Return the listing below verbatim. Pictures do not belong in the copy.

**Supplied data:**
⁂
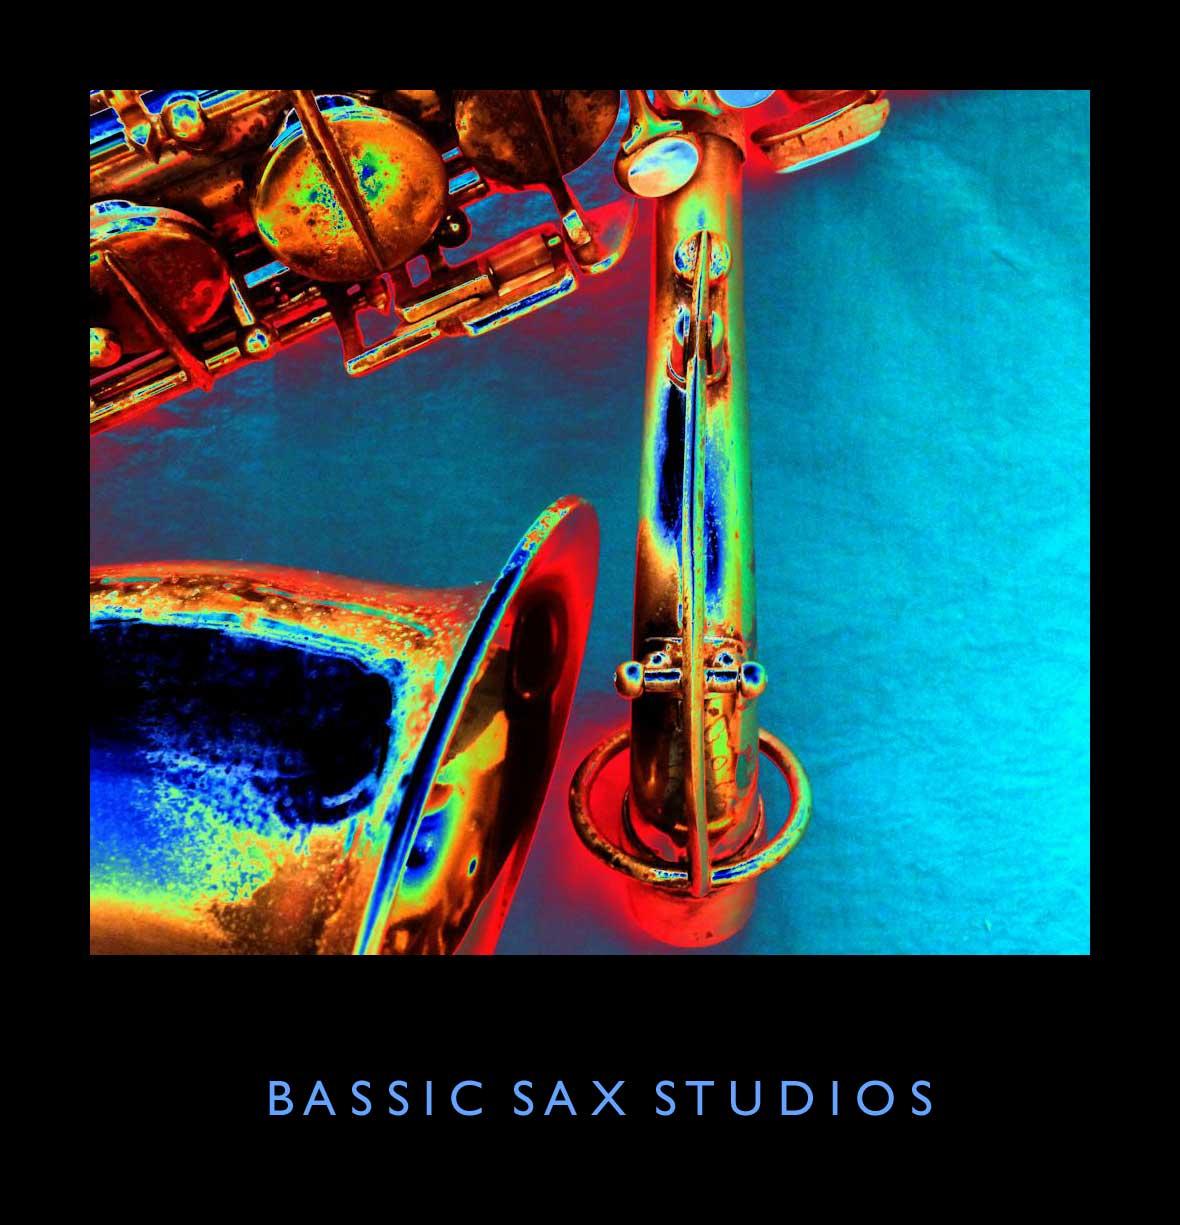 J.R. La Fleur & Son, alto saxophone, Vintage, British, photo effects,
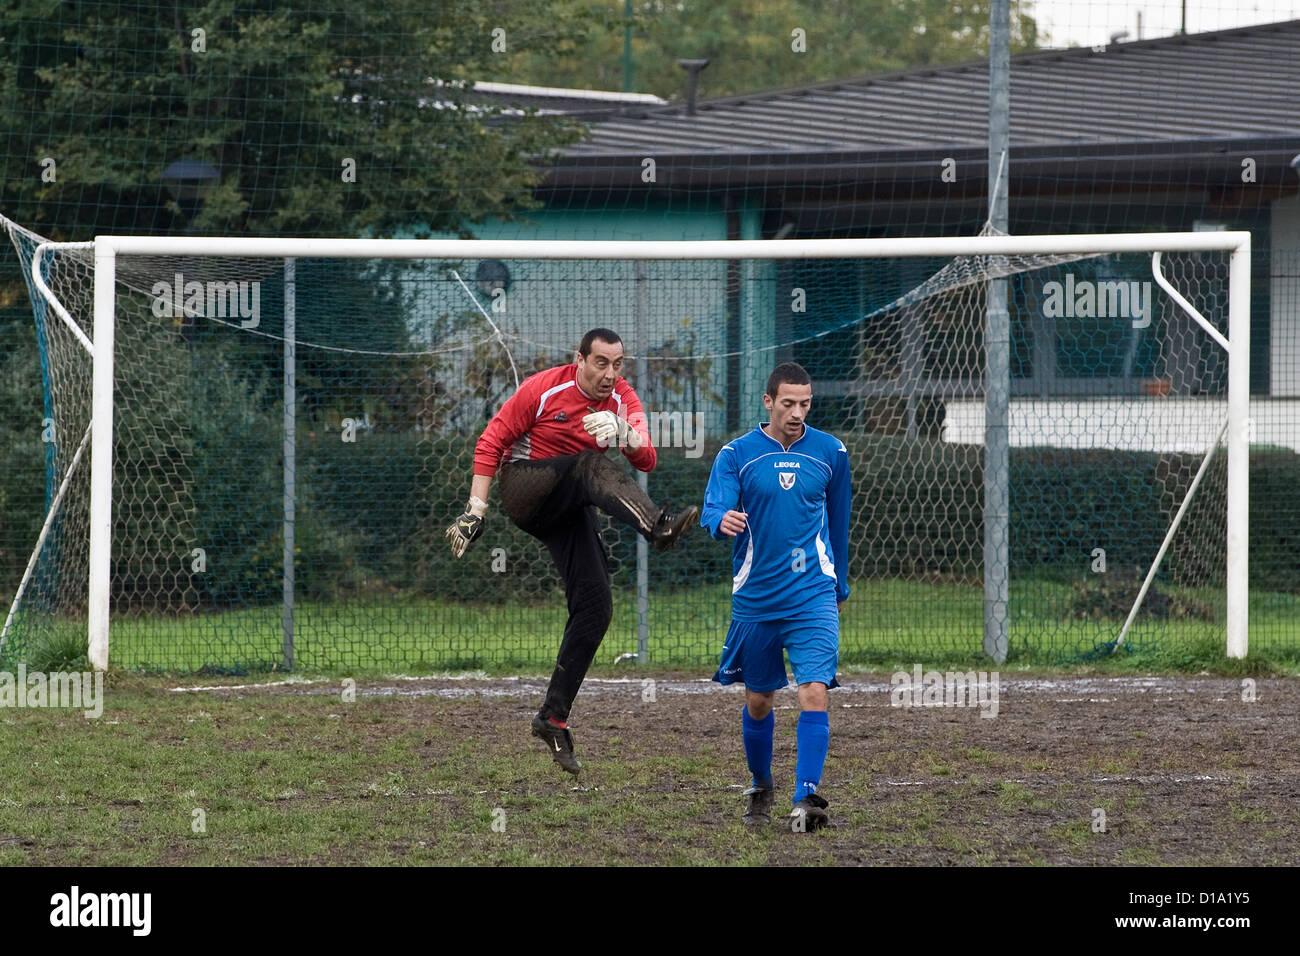 Italy, Sesto san Giovanni, football game - Stock Image
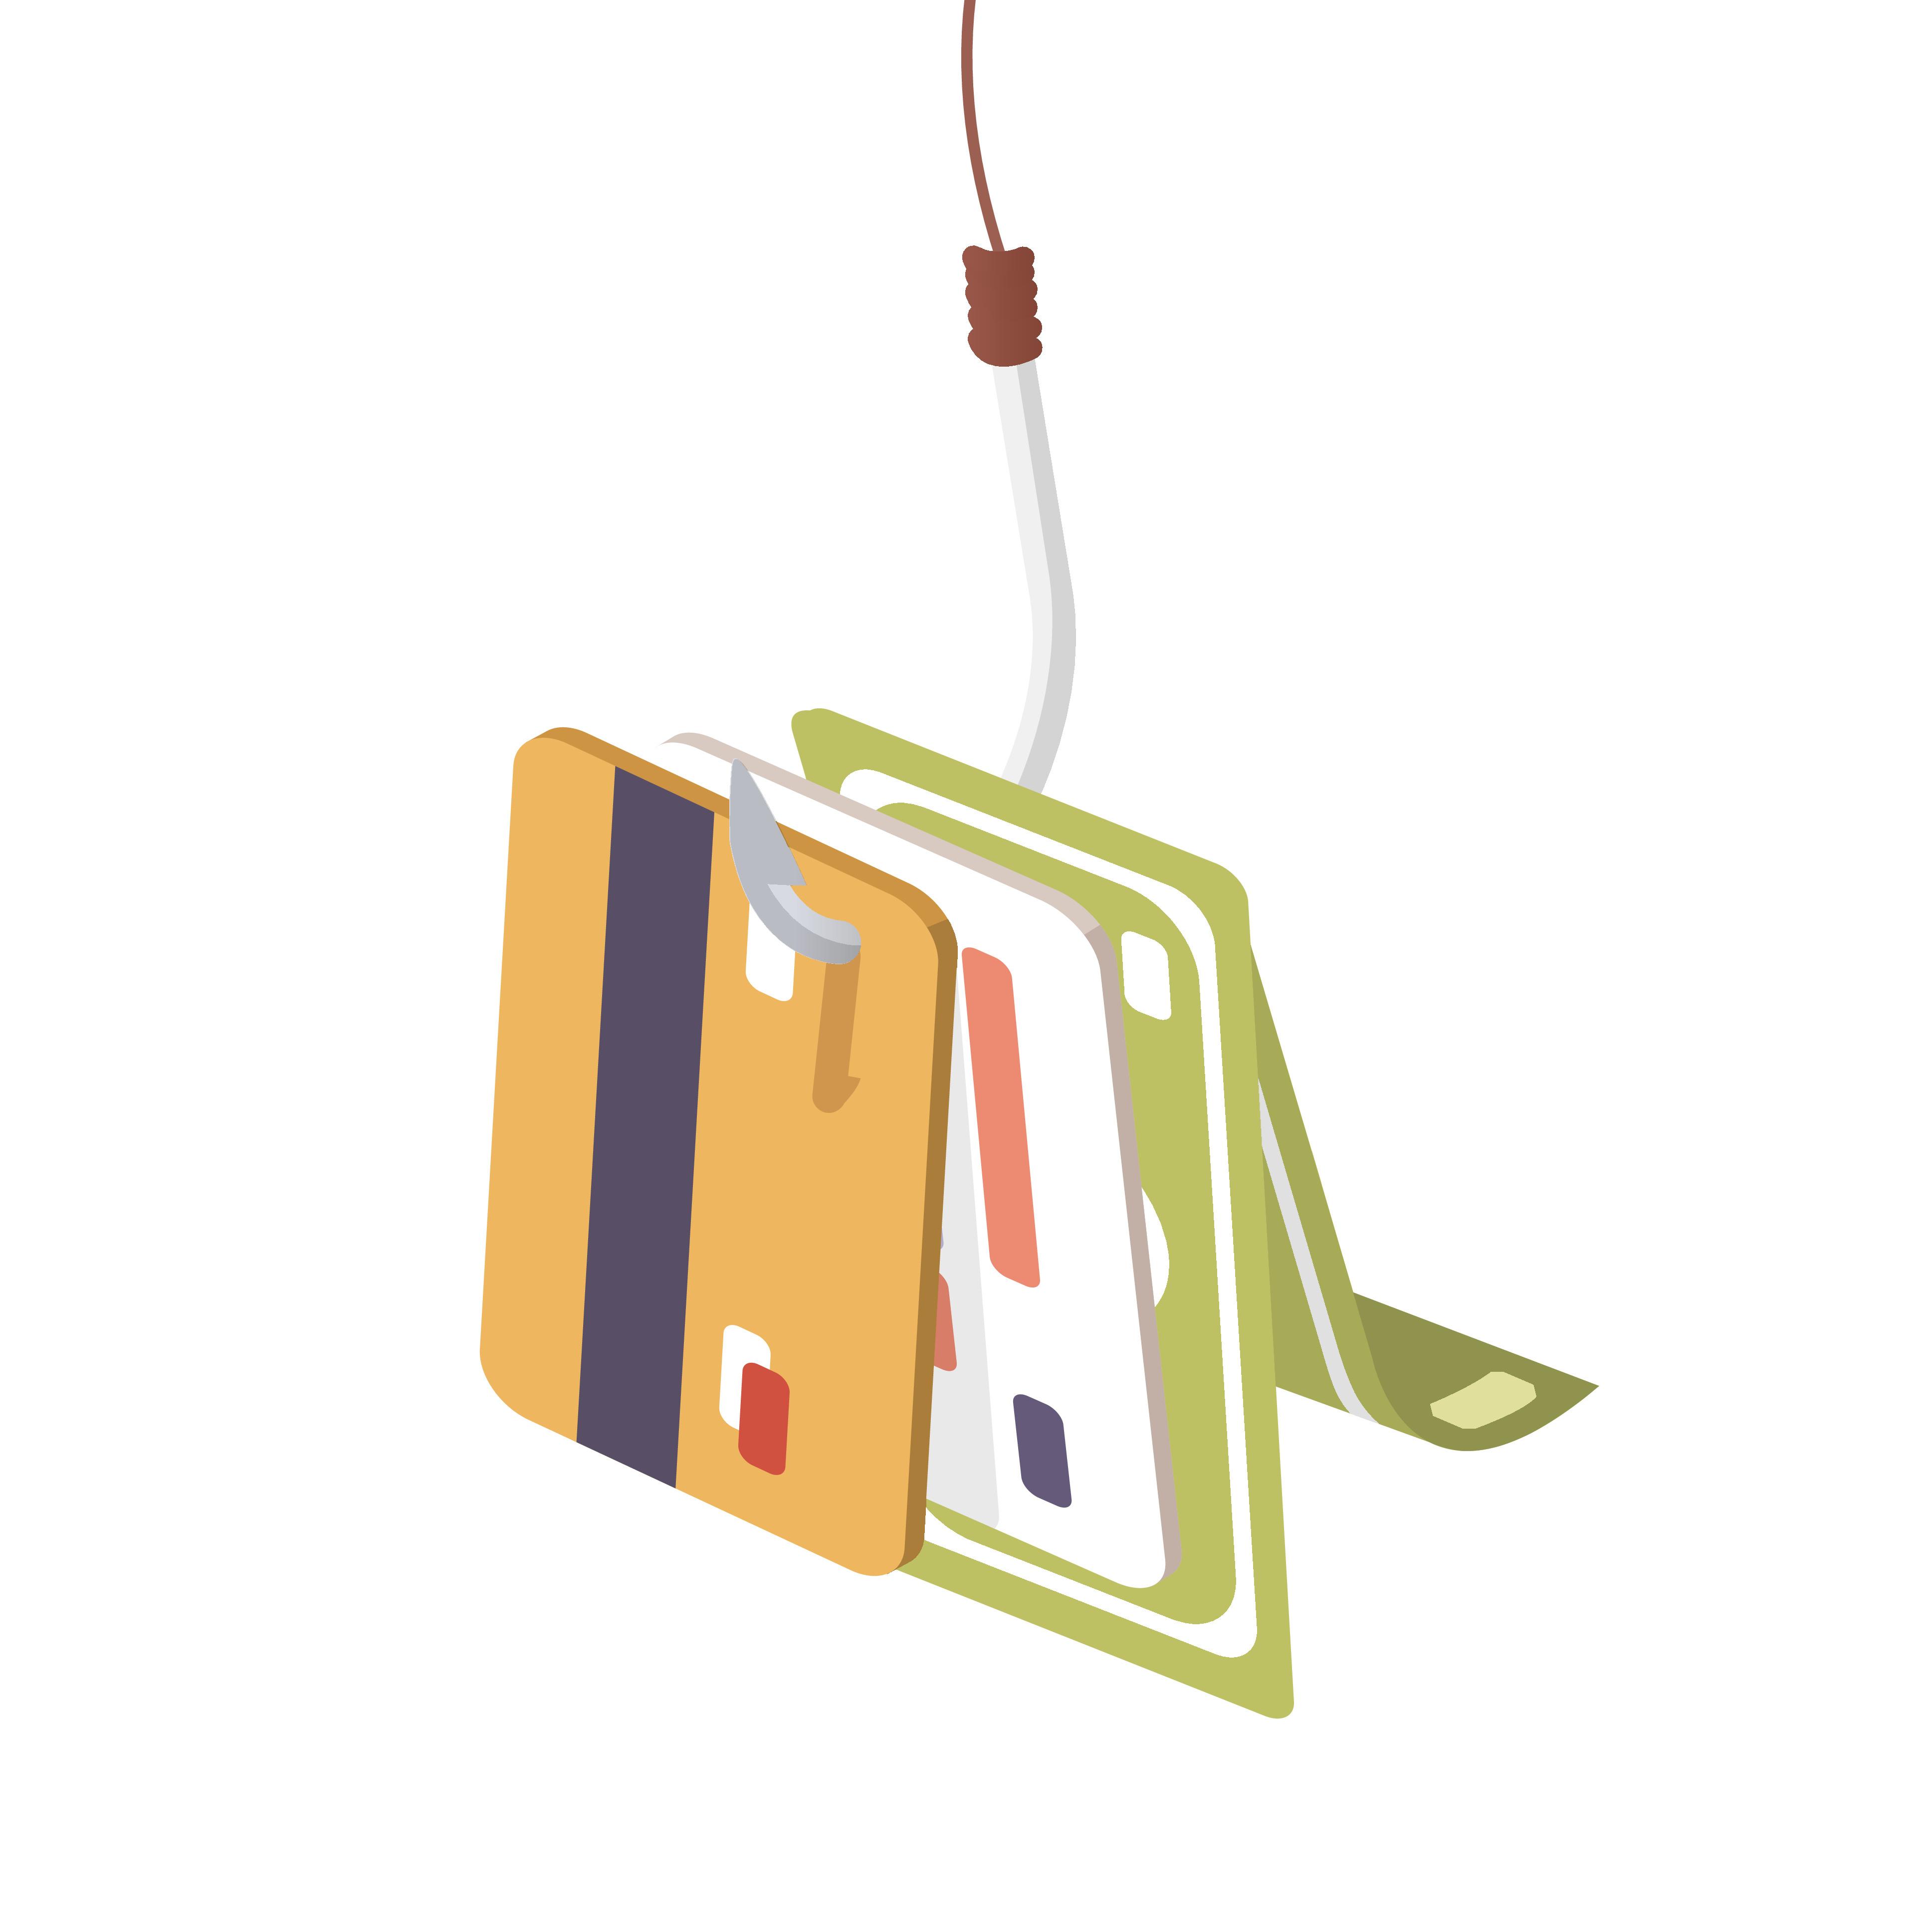 Phishing flyweel blog stock image
⁂
**Solution to the problem:**
 J.R. La Fleur & Son, alto saxophone, Vintage, British, photo effects,
 Italy, Sesto san Giovanni, football game - Stock Image
 Phishing flyweel blog stock image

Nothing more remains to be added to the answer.